During Hume's lifetime, the metropolis had been frequently outraged and intimidated—on some occasions almost desolated, by mobs of city savages; beings far more formidable and brutal than the savages of the wilderness. At the time when he published his Political Discourses, it contained bands of robbers, who followed their trade as openly as the brigands of the Abruzzi, committing robberies and murders in the middle of the city, in open day. Those who saw the city increasing in size, while it retained these evil characteristics, naturally looked upon it as a cancer, near the most vital part of the empire, and lamented accordingly its waxing prosperity and bulk. But its size was not the cause of the evil. It is now three times as populous as when Hume wrote, yet, with much poverty, much vice, and much ignorance, it is not the same diseased and dangerous mass it then was. The comparative sober quietness of the streets,—the well ordered police,—the facilities for discovering persons who are sought after, without their being subjected in their movements to any control, inconsistent with British liberty,—are all, when practised on so large a scale, indications that human genius has great capacities for organization; and they may be, for aught that can be seen to the contrary, only the initial movements, which future generations will carry to far more wonderful results.

[364:1] Dr. Robert Wallace, a distinguished clergyman of the Church of Scotland, had prepared for the Philosophical Society, of which he was a member, an essay, which he enlarged and published in 1752, with the title, "Dissertations on the Numbers of Mankind in Ancient and Modern Times;" adding a supplement, in which he examined Hume's discourse on the Populousness of Ancient Nations. Malthus admitted that Dr. Wallace was the first to point distinctly to the rule, that to find the limits of the populousness of any given community, we must look at the quantity of food at its disposal. But he was not successful in the controversial application of his principle. Hume's method of inquiry is a double comparison. The statements of numbers in ancient authors being compared with the numbers in existing communities, the relative organization for the supply of food in the two cases is examined, and the author finds reason to believe that the statements of numbers are greatly exaggerated by ancient authors, as the state of commerce and transit, and the amount of stock or capital available for the concentration and distribution of food, are not such as would enable such multitudes to be supported. Dr. Wallace, laying down, that where there is the most food there will be the greatest number of inhabitants, maintains, that as a much greater proportion of the people were employed in agriculture among the ancients than the moderns, there must have been more food and consequently more human beings. It is almost needless, after so much has been written on this matter, to explain at length the fallacy of this reasoning. The richest and most populous states are those of which the smallest proportion of the people are employed in agriculture. A decrease of the comparative number employed in procuring the necessaries of life is the mark of increase in wealth and abundance of all things, and is necessarily accompanied either by a proportionally improved agriculture, or the purchase of food from poorer communities.

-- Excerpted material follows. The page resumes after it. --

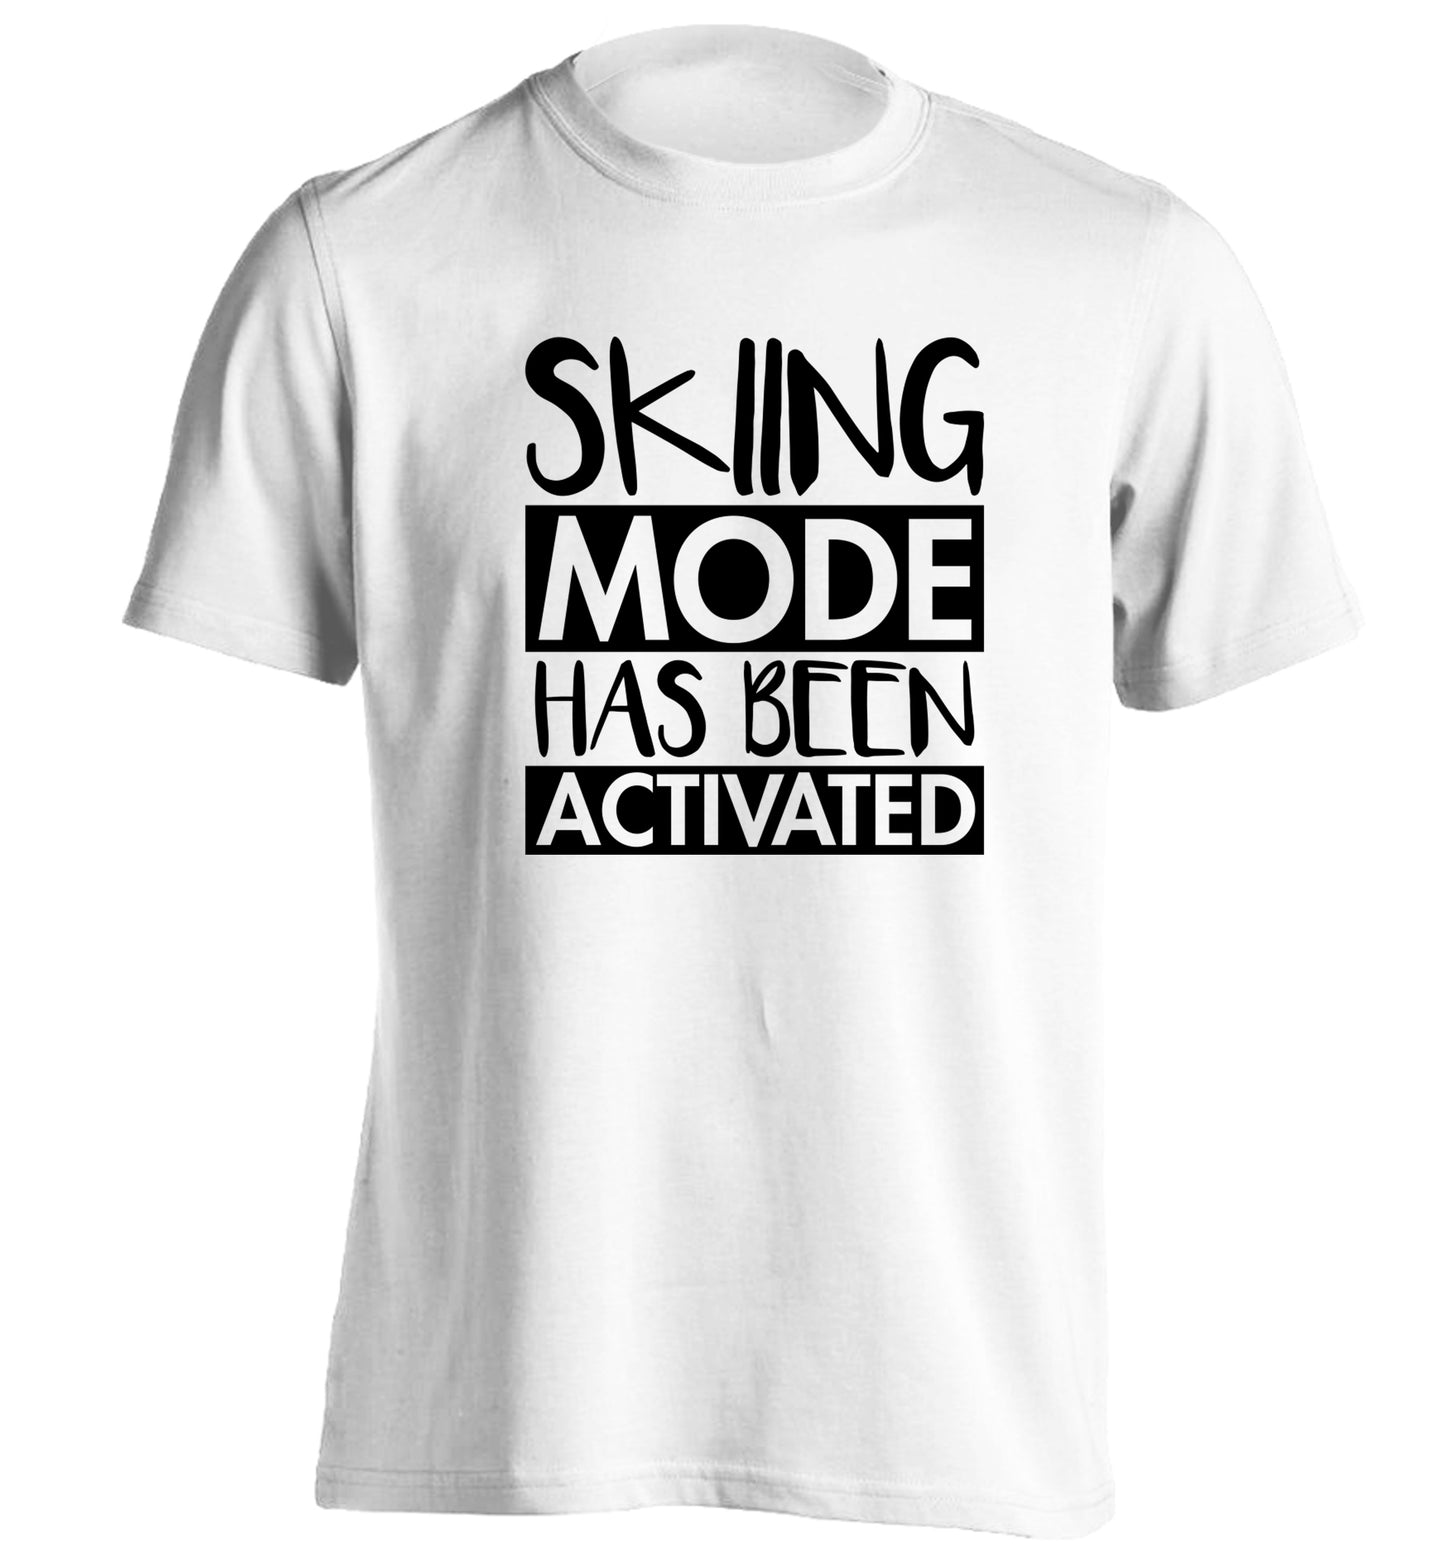 Skiing mode activated adults unisexwhite Tshirt 2XL

In the subsequent editions of the "Discourses," Hume acknowledges the merit of Wallace's book, saying, "So learned a refutation would have made the author suspect that his reasonings were entirely overthrown, had he not used the precaution, from the beginning, to keep himself on the sceptical side; and, having taken this advantage of the ground, he was enabled, though with much inferior forces, to preserve himself from a total defeat."

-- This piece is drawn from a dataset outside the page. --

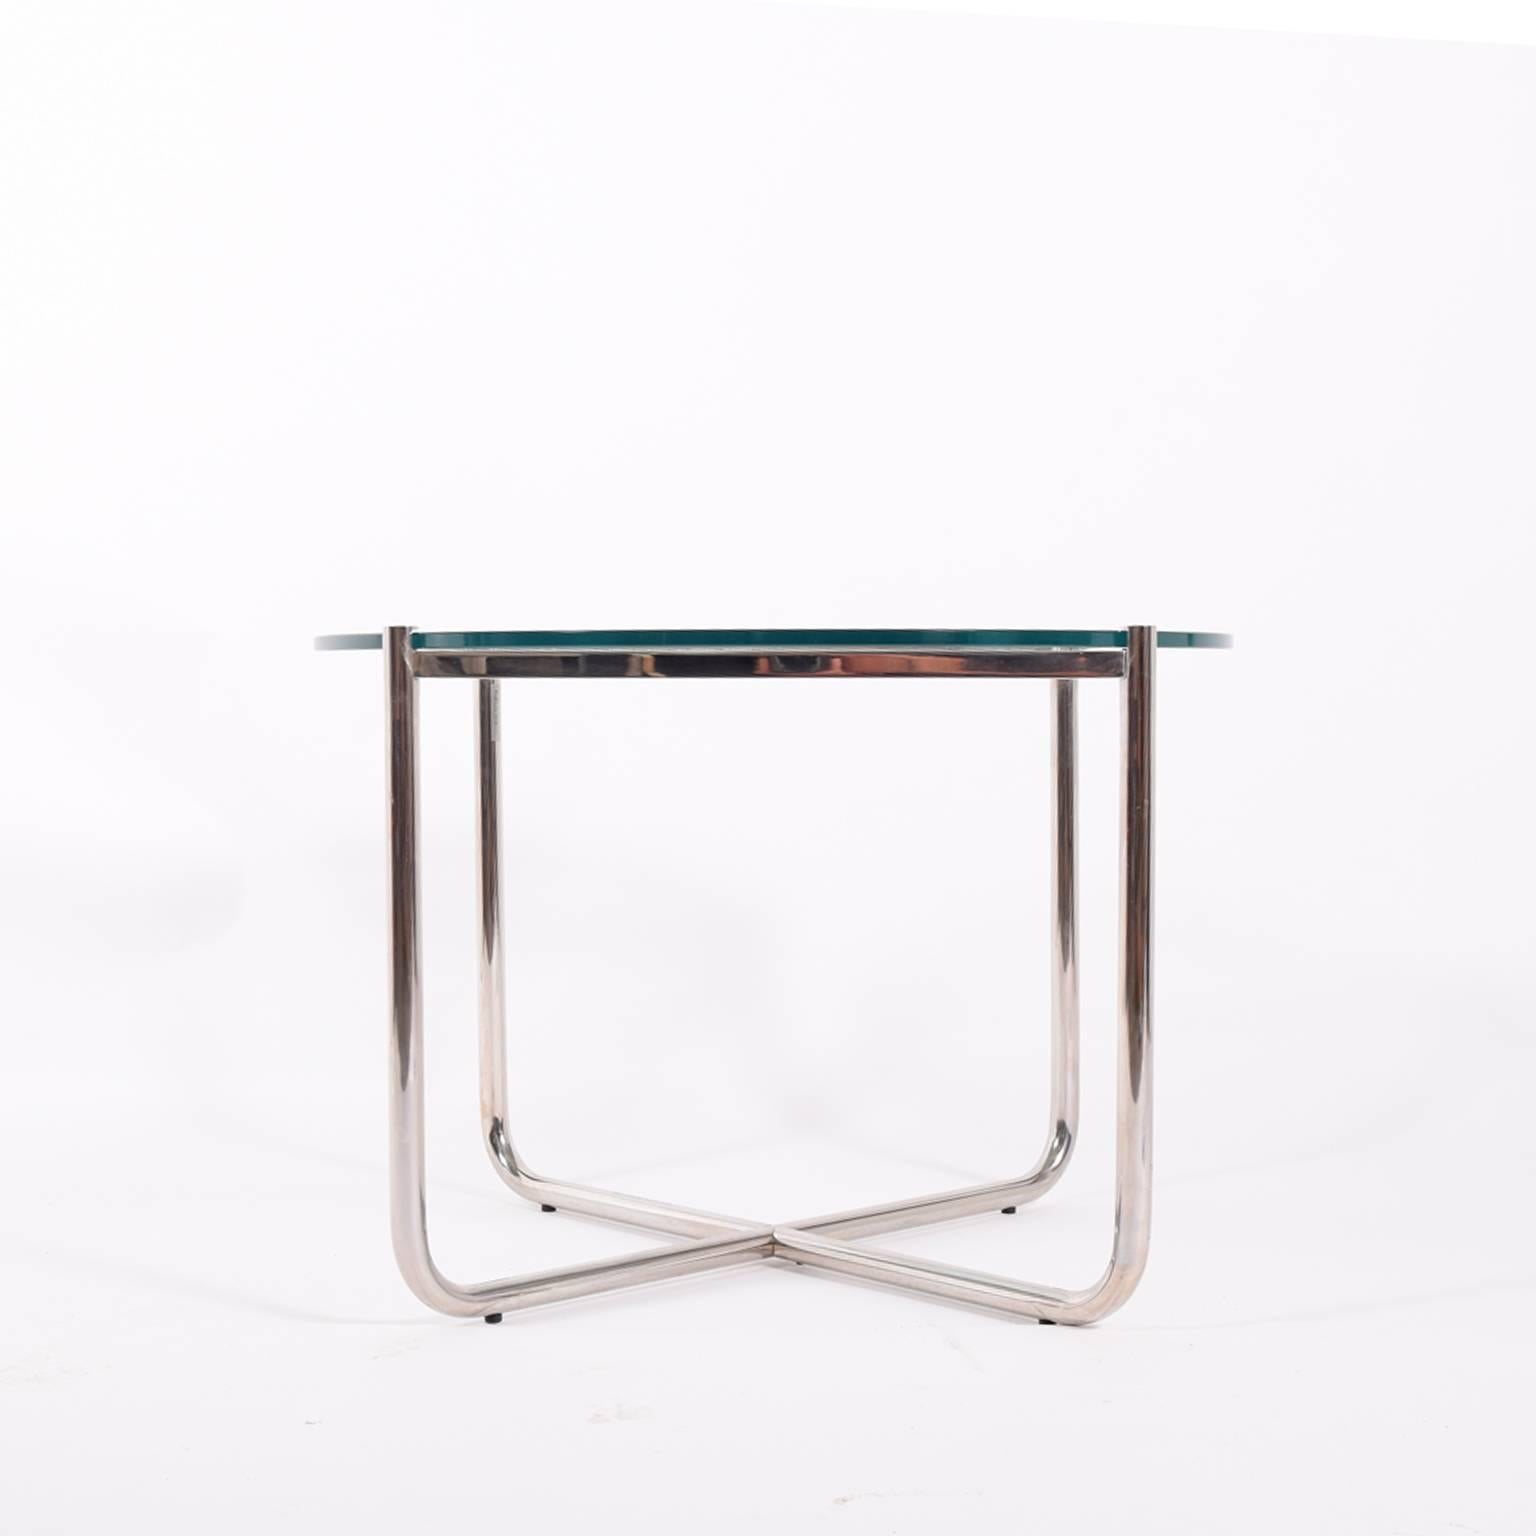 One of Mies' early designs from the 1920s with impressed Knoll logo to the chrome steel tubing.

[365:1] See above, p. 239.

[365:2] Projet d'un Dime Royale, 4to, 1707—a project for abolishing the feudal imposts and exemptions, tithes, and internal transit duties, and levying a general revenue. "Projet," says the Dictionnaire Historique, "digne d'un bon patriote, mais dont l'excution est trs-difficile." In Hume's notes of his early reading, we find him referring to Vauban, see p. 131.

[365:3] Discours Politiques traduits de L'Anglais, par M. D' M*** Amsterdam, 1753. Querard—La France Litteraire.